Finding the Commissioners appointed to liquidate the accounts of Monies due for the maintenance of Prisoners, and make permanent provision for their future support, have seperated without accomplishing any thing; I think it highly expedient that measures should be adopted, at this moment, for taking the German Prisoners of War into our service: as this measure has been considerably agitated, I shall not amplify upon the justice and propriety of it, which to me seem very obvious. I am equally well persuaded of the policy there will be in augmenting every Company, with at least ten of these men, or more if they can be obtained: for I am convinced that, by such an incorporation, they will make exceedingly cheap & valuable Recruits; and being ablebodied & disciplined Men will give a strength & solidity to our Regts which they will not otherwise acquire this Campaign. All my accounts respecting the recruiting service are unfavorable; indeed, not a single Recruit has arrived (to my knowledge) from any State except Rhode Island, in consequence of the Requisition of Congress in December last.

Should the plan be adopted by Congress, the sooner it is carried into execution the better. In that case, I think, the Men ought to be recruited for the Continent, & not carried to the credit of the States quotas, with whose Lines they are to serve: for without making any alteration in the Establishment, they may be annexed to their Regt in such a manner, as that they can be formed in distinct Corps, whenever their fidelity and attachment shall be sufficiently evinced, if circumstances should require.
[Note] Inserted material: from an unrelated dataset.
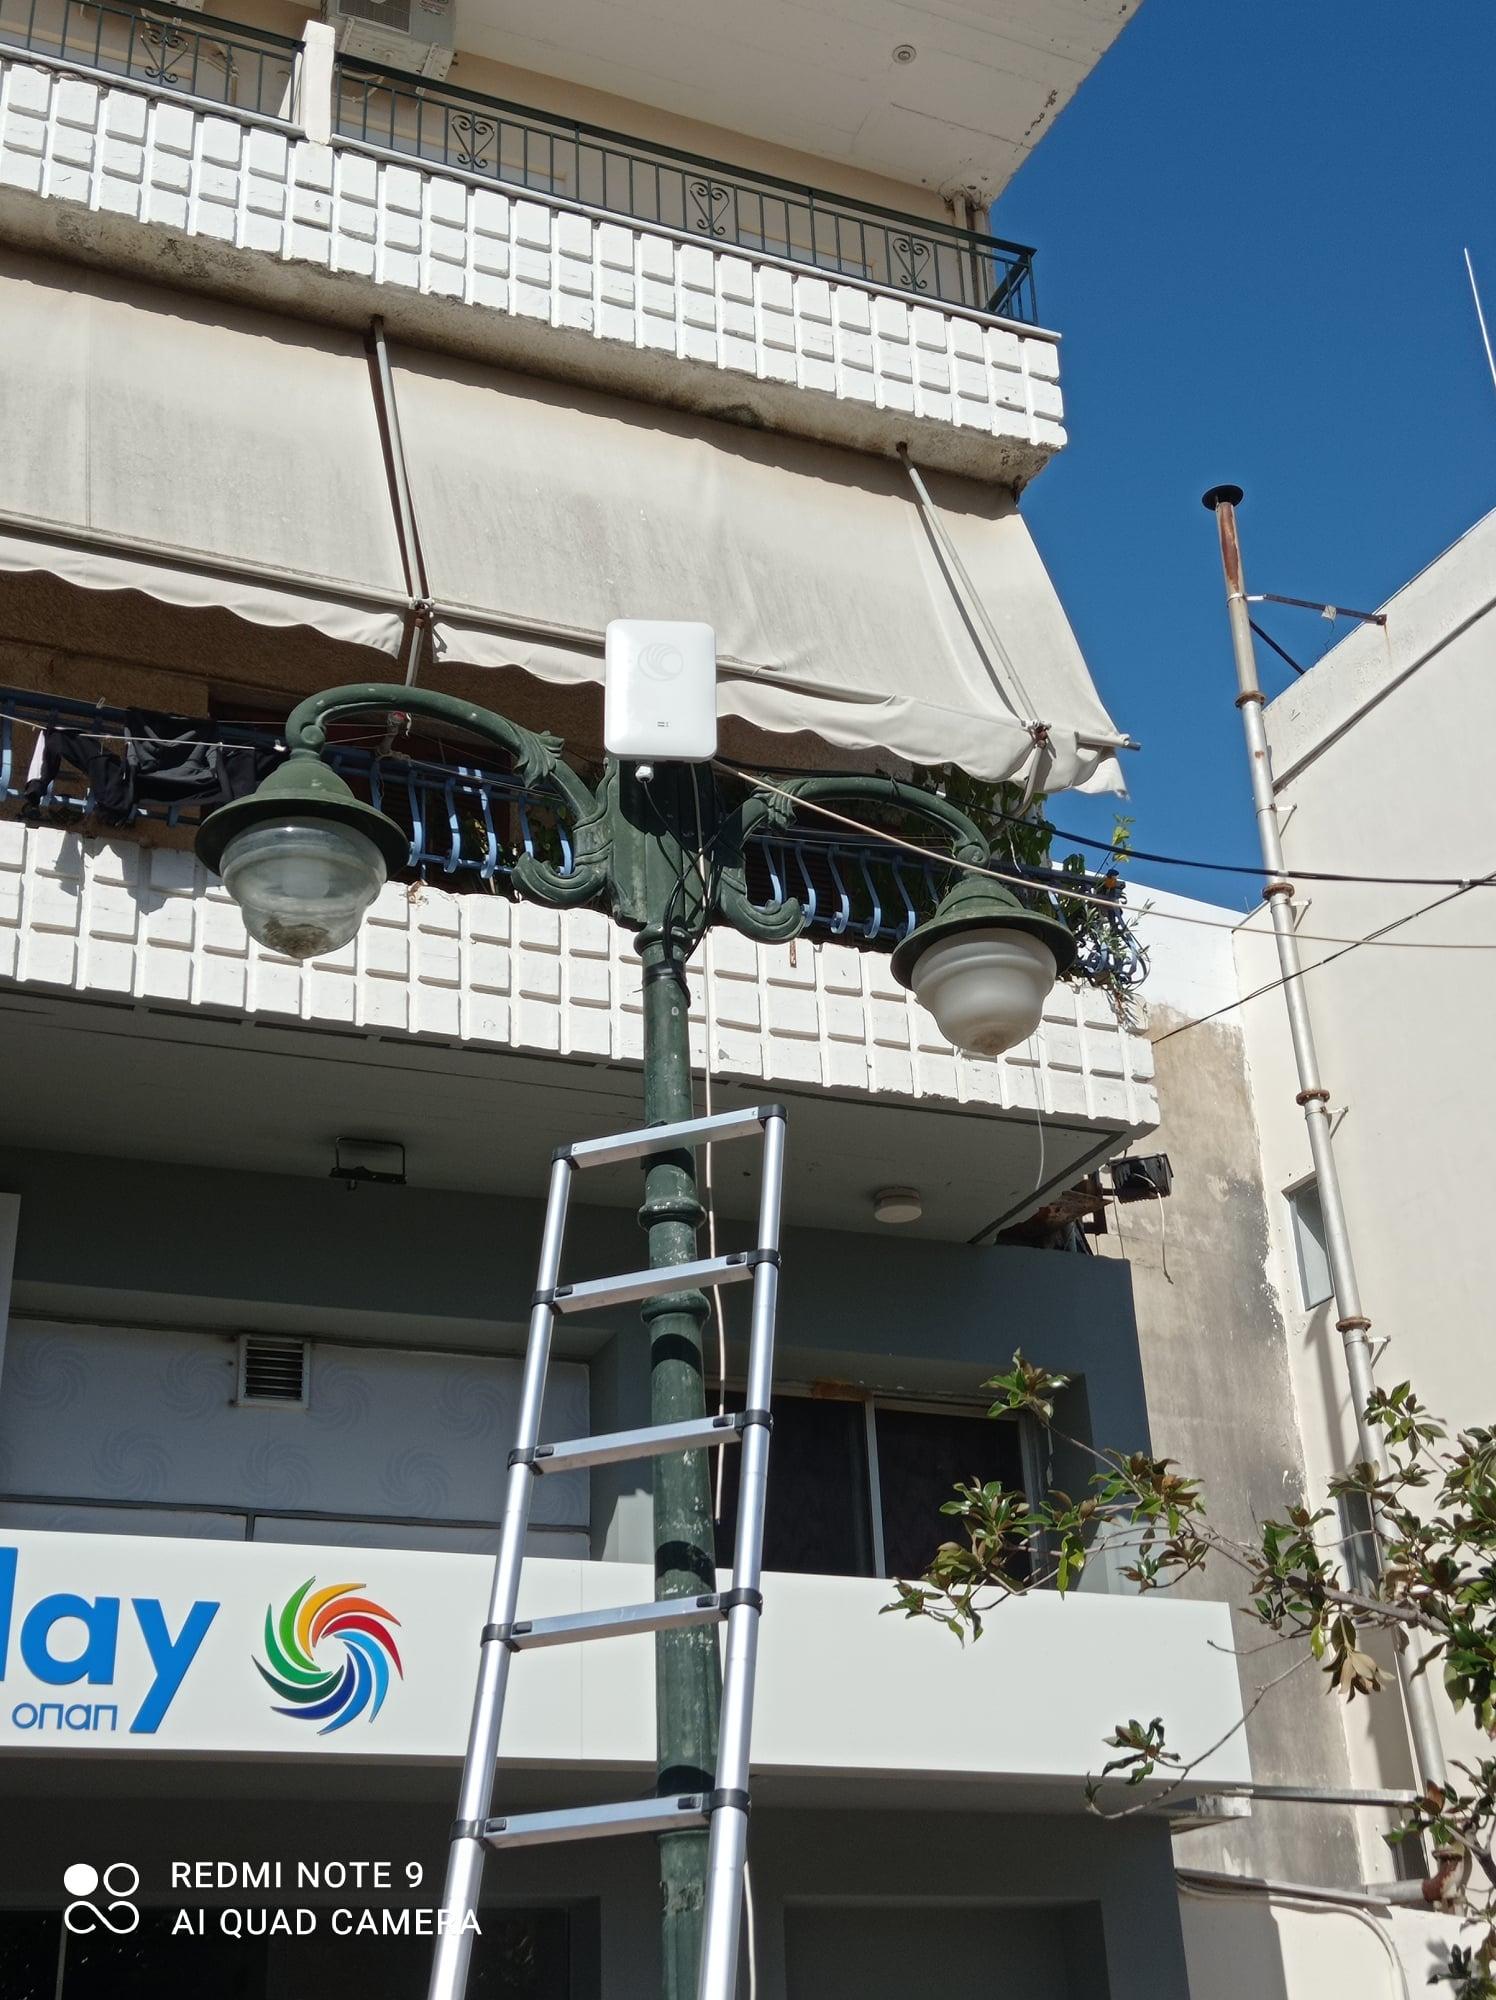 Αμαλιάδα: Εγκατάσταση Κεραιών για Free Internet από Δήμο Ήλιδας στην πόλη της Αμαλιάδας στα πλαίσια του ευρωπαϊκού προγράμματος WIFI4EU (photos)

All the matters of [bounty] & encouragement being arranged with the Financier, and the particulars of the scheme adjusted: As soon as provision shall be made for their subsistance on the journey, I will detach a Captian & Subaltern from every Regiment to receive & conduct them to the Army, so as that they may certainly join the respective Regts at farthest by the first of June. In the interim, I would beg leave to propose (lest the Enemy should attempt to counteract the design) that the business should be kept secret, until it is ripe for execution, & then be negociated by some Gentleman of address appointed for the purpose—I request an answer as speedily as possible, and have the honor to be your Most Obedt Servant

Go: Washington

P.S. I am just favored with your Letters of the 20th & 23d Inst. I think it would be well to permit such of the Prisoners mentioned by you, to return to their Corps as can procure testimonials in their favor: I submit the matter to your discretion.

DNA: Item 149, Letters and Reports from Benjamin Lincoln, Secretary at War, PCC—Papers of the Continental Congress.